Three layers, one workflow:

1. **Challenge** — Is this the right thing to build?
2. **Execute** — Build it with engineering rigor
3. **Compound** — Learn from what happened

## Task Complexity Auto-Grading

Before starting any task, assess complexity. This determines which workflow steps to run.

**🟢 Simple** (bug fix, config change, small tweak)
- Skip spec/plan → Direct edit → Verify → Done

**🟡 Medium** (new feature, module, integration)
- Plan → Build incrementally → Test → Review → Done

**🔴 Complex** (architecture change, multi-module, new system)
- Full pipeline: Challenge → Spec → Plan → Build → Test → Review → Ship

When unsure, start at 🟡. Upgrade to 🔴 if you discover hidden complexity. Never downgrade mid-task.

## Layer 1: Challenge (🔴 Complex tasks only)

Before writing any code, answer these questions:

1. **Problem validity** — Is the user solving a real problem?
2. **Simplest approach** — Is there a simpler way?
3. **Scope clarity** — Can you explain "done" in one sentence?
4. **Risk assessment** — What's the worst outcome if this goes wrong?

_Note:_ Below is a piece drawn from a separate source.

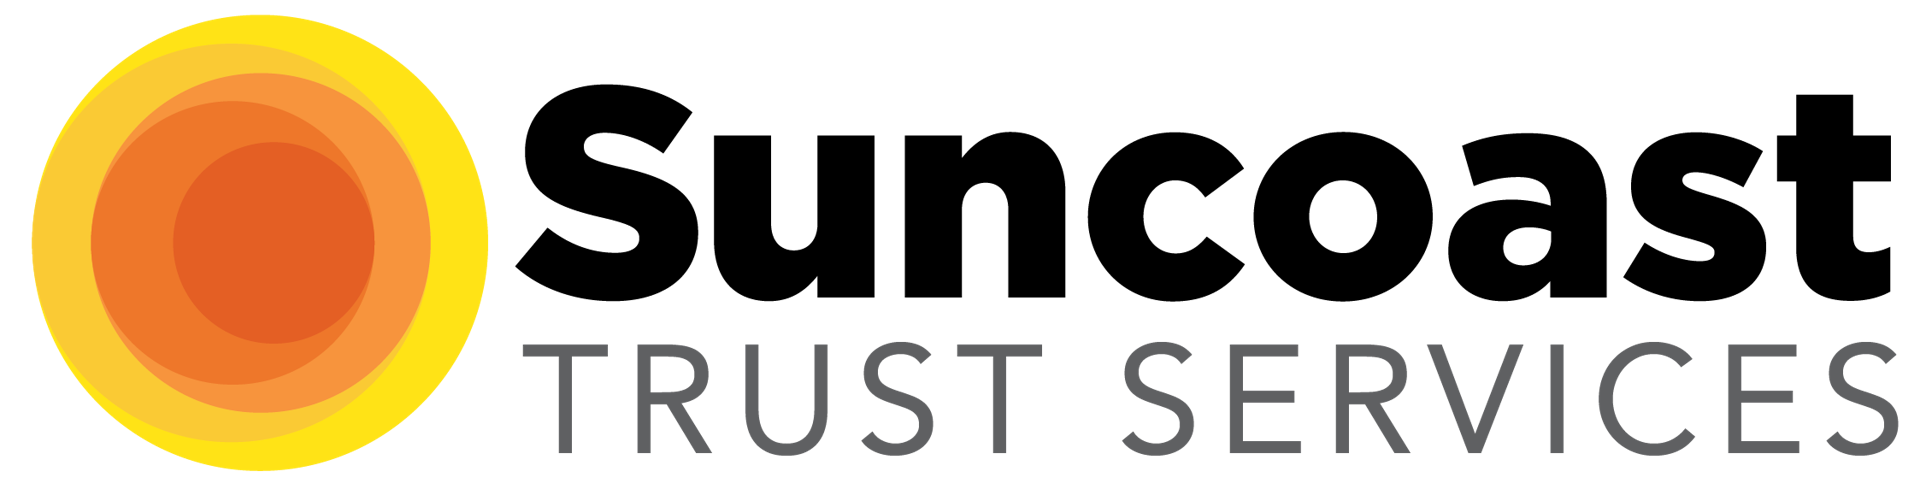 suncoast-trust-services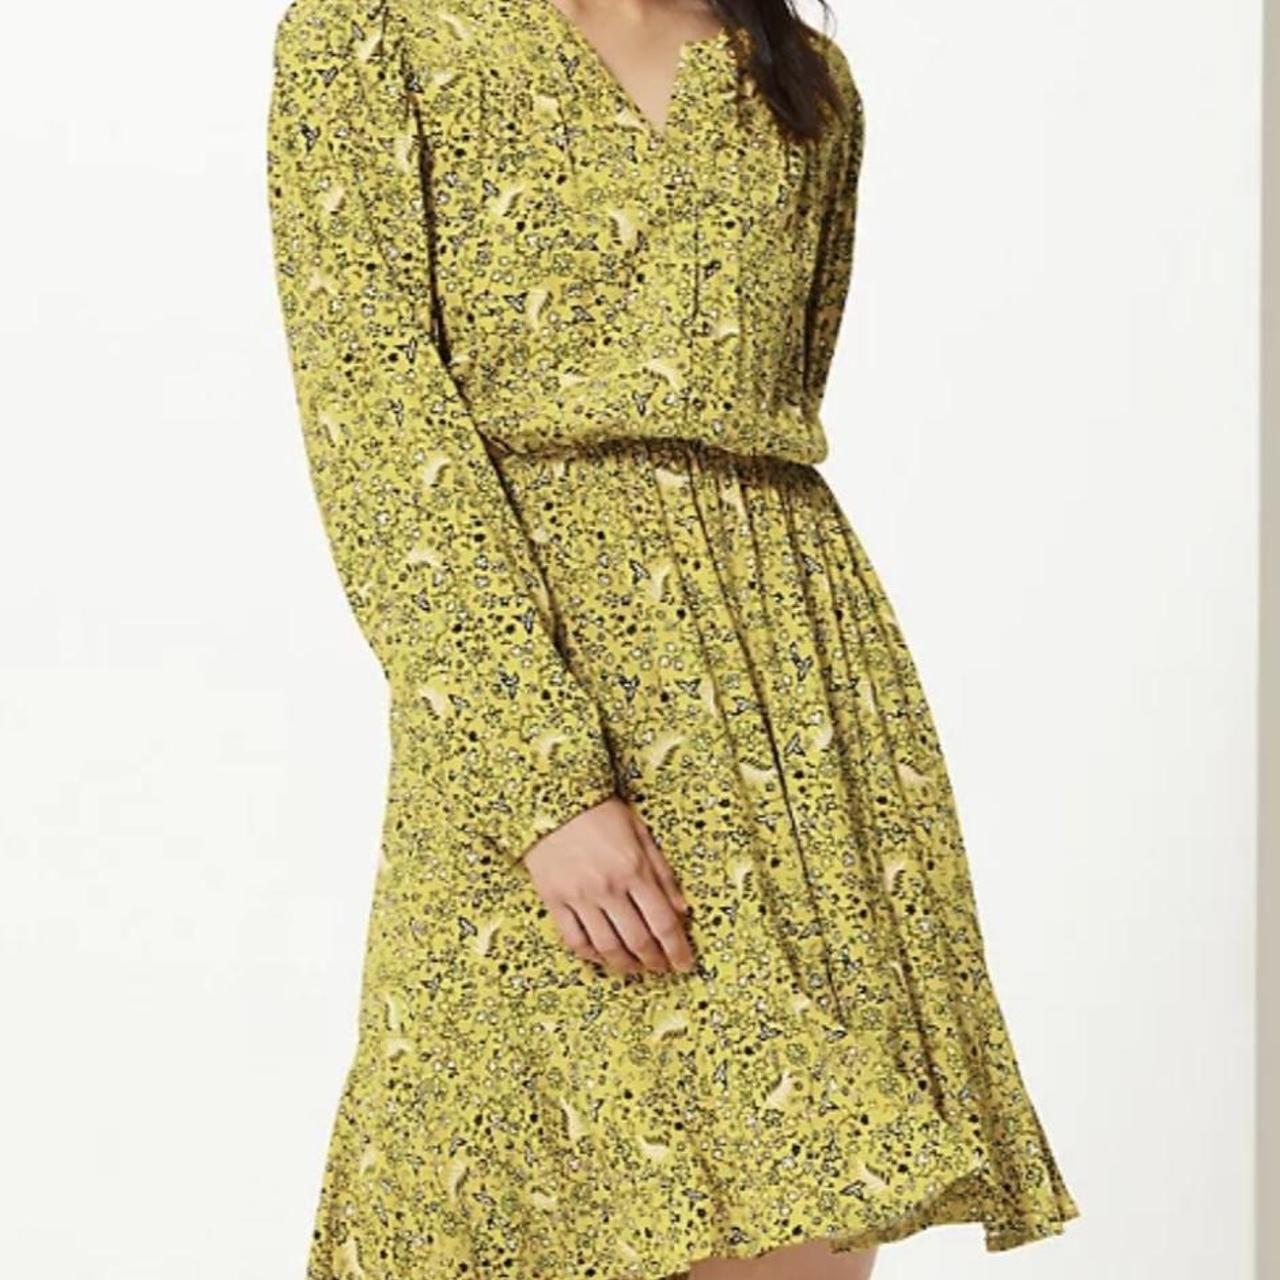 Marks & Spencer Women's Yellow Dress | Depop

Output: A one-paragraph problem statement the user confirms before proceeding.

## Layer 2: Execute

### Spec (🟡🔴 only)

- **Goal**: One sentence describing the outcome
- **Interface**: Inputs, outputs, API contracts
- **Constraints**: What you will NOT do
- **Acceptance criteria**: How to verify it works (must be testable)

### Plan (🟡🔴 only)

Break the spec into atomic tasks:
- Each task modifies ≤3 files
- Each task has a clear verification step
- Tasks ordered by dependency (independent tasks can parallelize)

### Build

Execute tasks incrementally. After each task:
1. Verify the task works (run it, test it, check the output)
2. Checkpoint progress to file
3. Only then move to the next task

**Critical rules:**
- Never modify code you haven't read first
- Don't add features beyond what was asked
- Don't refactor "while you're at it"
- If tests fail, report honestly — don't claim success

### Verify

Every deliverable must have **evidence**, not just "looks good":

| Deliverable type | Required evidence |
|---|---|
| Code change | Tests pass (show output) |
| Config change | Restart + verify (show status) |
| File generation | `wc -l` + `grep` key content |
| API integration | Show actual response |
| Documentation | Spot-check 3 claims for accuracy |

🔴 **Reading is not verification. Run it.**

### Review (🟡🔴 only)

Self-review from 5 dimensions:
1. **Correctness** — Does it do what was asked?
2. **Edge cases** — Empty input, huge input, concurrent access?
3. **Security** — Injection points, leaked secrets, missing auth?
4. **Performance** — Will it work at 10x scale?
5. **Maintainability** — Will someone understand this in 6 months?

### Ship (🔴 only)

Pre-ship checklist:
- [ ] All tests pass
- [ ] Rollback plan exists (undo in <5 min?)
- [ ] Feature flag or gradual rollout if risky
- [ ] Monitoring covers the new code path

## Layer 3: Compound

After completing any task, spend 30 seconds on:

1. **What broke?** — Errors, retries, unexpected behavior? → Record the specific lesson
2. **What was slow?** — Bottlenecks? → Note them
3. **What would you do differently?** — Better approach with hindsight?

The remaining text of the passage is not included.